Everyone in America could choose their own health insurance. You get to decide what is best for you and your family. You get to choose your own doctor.
Finally, we have an emphasis on prevention. If we don't start investing properly in prevention, we will never be able to afford treating the long-term health care consequences of not having that prevention base. Pfizer CEO Hank McKinnell, in his book, outlined what is really happening in our society in terms of our health care. We have a health care system that is based on a chronic disease treatment model, and we need to have a health care system that's based on a prevention model.
How do we prevent illness, and how do we promote wellness? The federal government spends billions of dollars each year on prevention, and grandmother was right: "An ounce of prevention is worth a pound of cure." If you think about the five diseases I talked about--heart disease, stroke, chronic obstructive pulmonary disease, diabetes, and cancer--the vast majority of those diseases are preventable or early-diagnosable to treat. Most diabetes cases today--type 2 diabetes--are preventable. We know what causes heart disease, how to diagnose it, how to prevent it, how to lower the risk. Hypertension leading to strokes, same thing, atherosclerotic vascular disease, hypertension associated with that. Chronic obstructive pulmonary disease, we know what causes it, and it is called tobacco.
So the first thing we do in our bill is prevention. We concentrate on effective prevention efforts through direct consumer knowledge. We set up a federal government Web site--there are some privately available--where everybody in the country can go on and look at your health risk factors and the things that ought to normally happen to you or be prescribed to you in terms of prevention strategies and screening strategies.
Additionally, the bill would redirect existing prevention dollars being spent on ineffective programs toward a health and wellness public marketing campaign. The power of advertising works for businesses, and it can work for prevention.
If Americans were to improve three lifestyle behaviors--regular exercise, proper nutrition, and smoking cessation--the results would decrease the morbidity of a multitude of diseases. For example, diet and exercise play a huge role in reducing the incidence of heart disease and diabetes. The vast majority of Americans do not know what they need to do, when they need to do it, or how they need to do it in terms of wellness and in terms of prevention. That message of prevention education to the American people will save us billions and billions of dollars.
For example, colon cancer can be cut in half through early screening and dietary changes. These are things we know, and yet this is the second-leading cause of death in men for cancer. Why would we not want to change that? Why would we not want to cut colon cancer in half? It is something we could easily do. It is something that is achievable within four or five years if we put the tools and the prevention strategies to work.
Changing the Tax Code
The second thing we do is change the tax code. This change is all on the employee side of the ledger. We do not do anything to employers; they still get to deduct whatever they buy for anybody in terms of health insurance. But we equalize the tax benefit for everybody in America in terms of where they get their health insurance.

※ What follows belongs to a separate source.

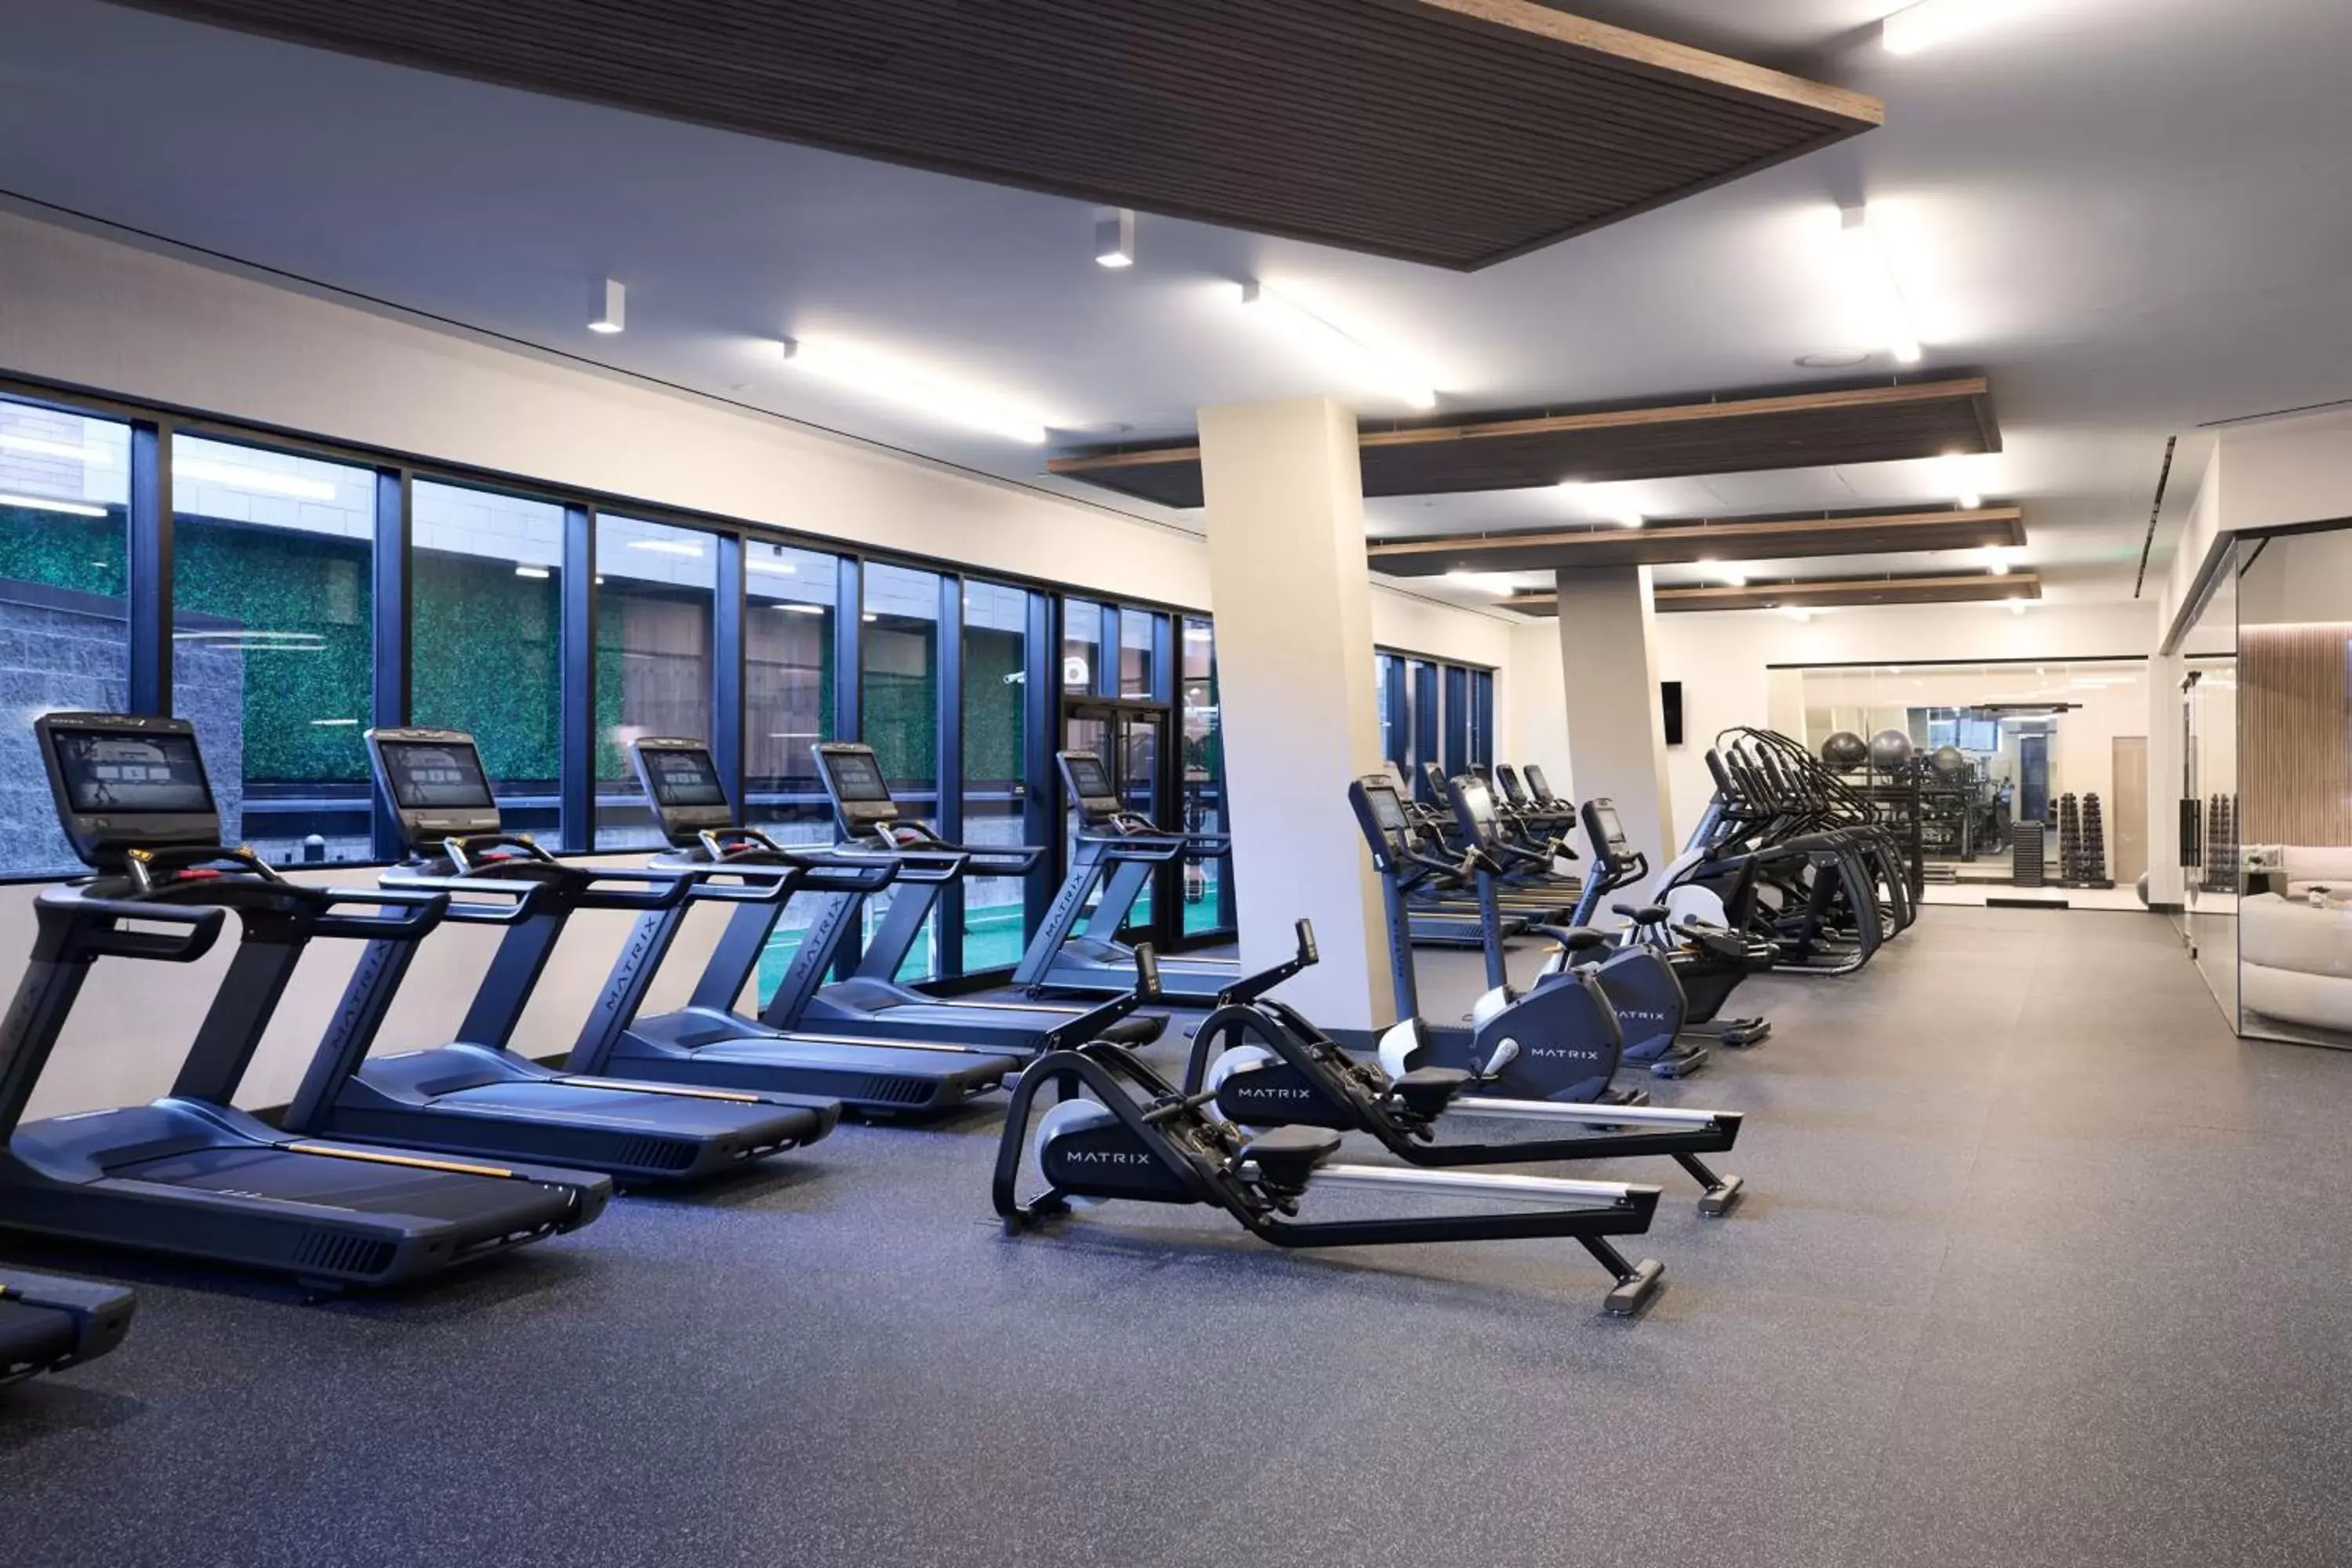 Fitness centre/facilities, Fitness Center/Facilities in Washington Marriott Capitol Hill
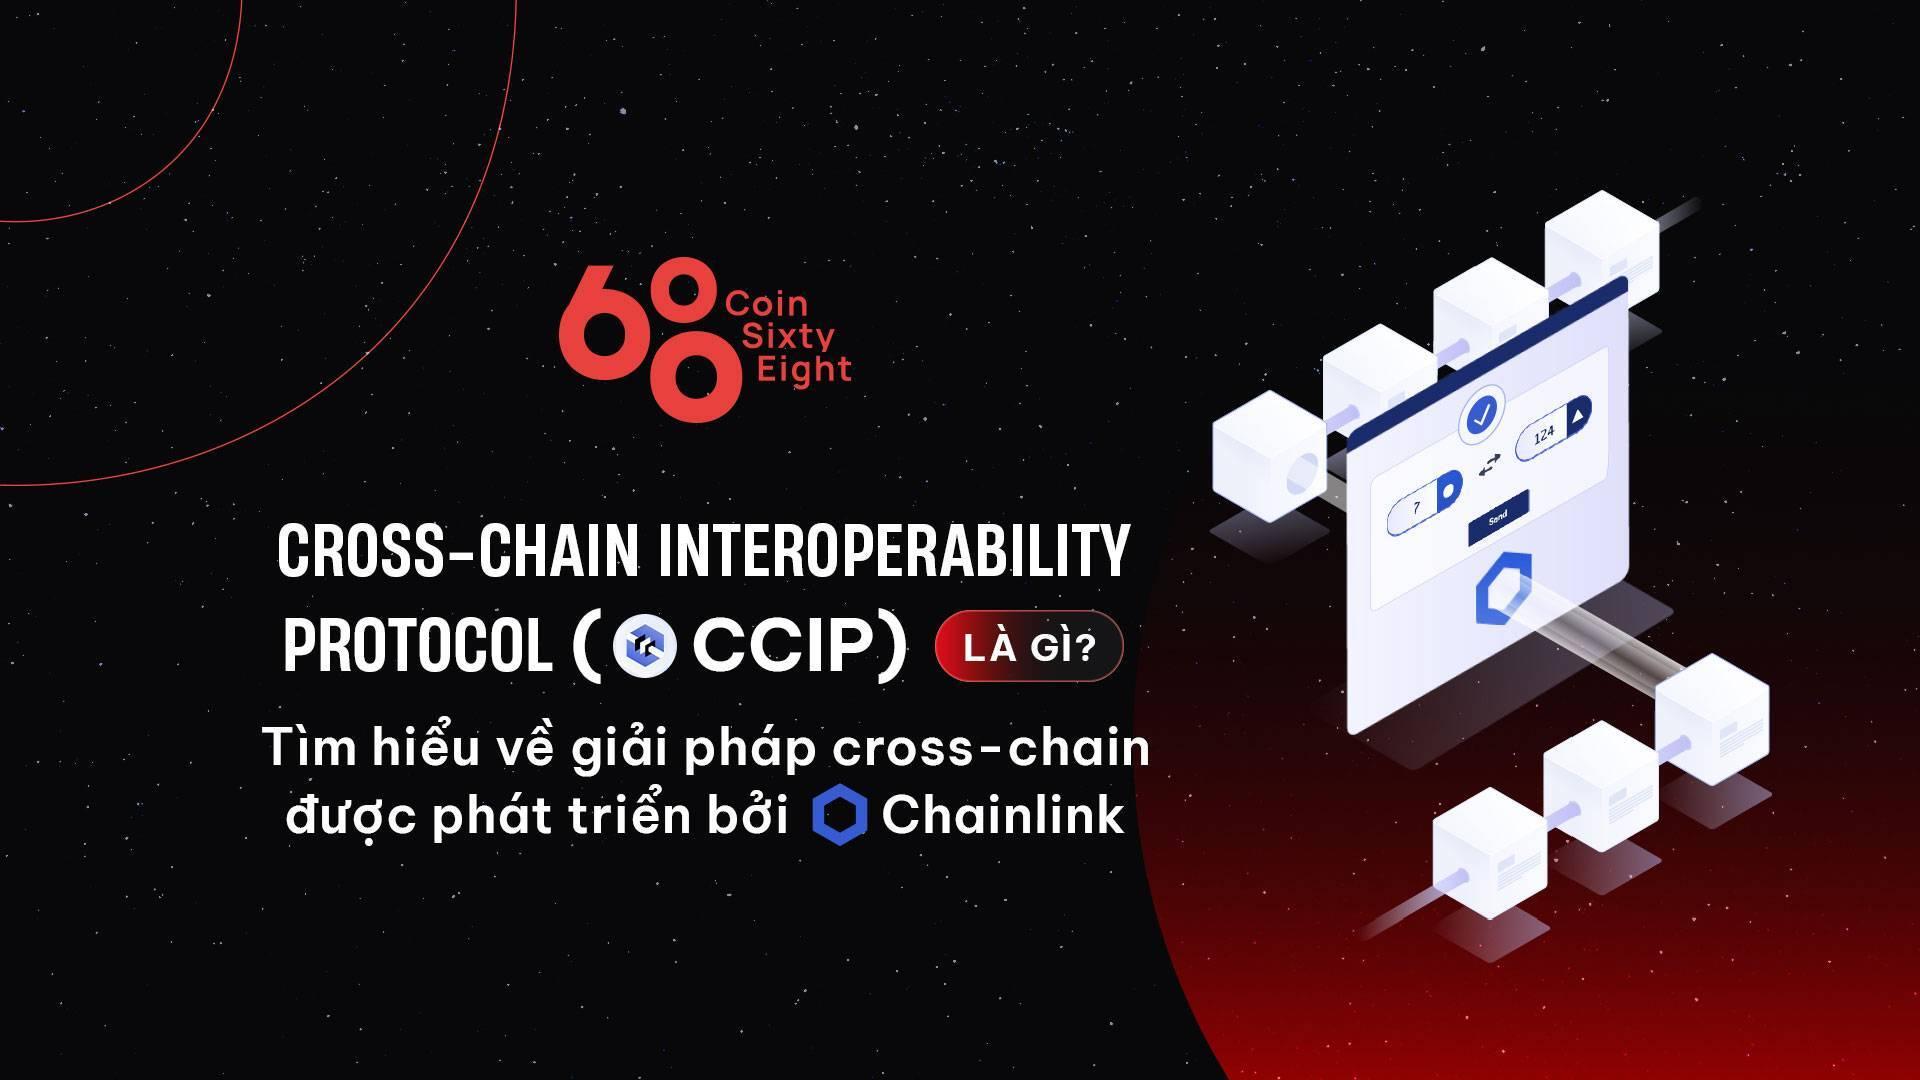 cross-chain-interoperability-protocol-ccip-la-gi-tim-hieu-ve-giai-phap-cross-chain-duoc-phat-trien-boi-chainlink

Right now, if you're very wealthy in this country, the tax code gives you a benefit of about $2,700. If you're poor, you get a tax benefit of about $100. So what we do is equalize that, and we create a refundable tax rebate to everyone in America--$2,000 per person and $5,000 per family--that grows with the chain-weighted consumer price index each year. People say, "Well that's not enough." The average individual market policy in this country today--with all the mandates that are out there--costs $2,250. So with $250 of your own, you can have the average policy today. Anybody that's not covered today and that wants to be covered can get covered.
This does not take away your employer-provided insurance. While your health benefits are now a taxable part of your income--just like the rest of your wages--if your employer offers them, you will now have a tax credit that will offset those taxes. Rather than restricting that tax break to employer-sponsored insurance, you can use that tax credit to buy health insurance wherever you want to--the individual market, a Massachusetts-style connector, or your employer. The vast majority of Americans will benefit from this tax credit, either through families or through individuals.
With this comes individual choice in the health services market. What we tend to do is to look at the health insurance market the way it is today. We do not think about what it might be like if everybody was in the market, if the market was free to work, and how innovation could improve the market.
Key to free-market innovation is the ability to buy your insurance wherever you want to, from an insurance company incorporated in any state in America. Let us look at mandates and what they have done. If you compare the price of a health insurance policy in New Jersey, a heavily regulated state, with the price of one in a state like Kentucky, a more innovation-friendly state, you will see a sevenfold increase in cost for the same basic coverage from one state to the other.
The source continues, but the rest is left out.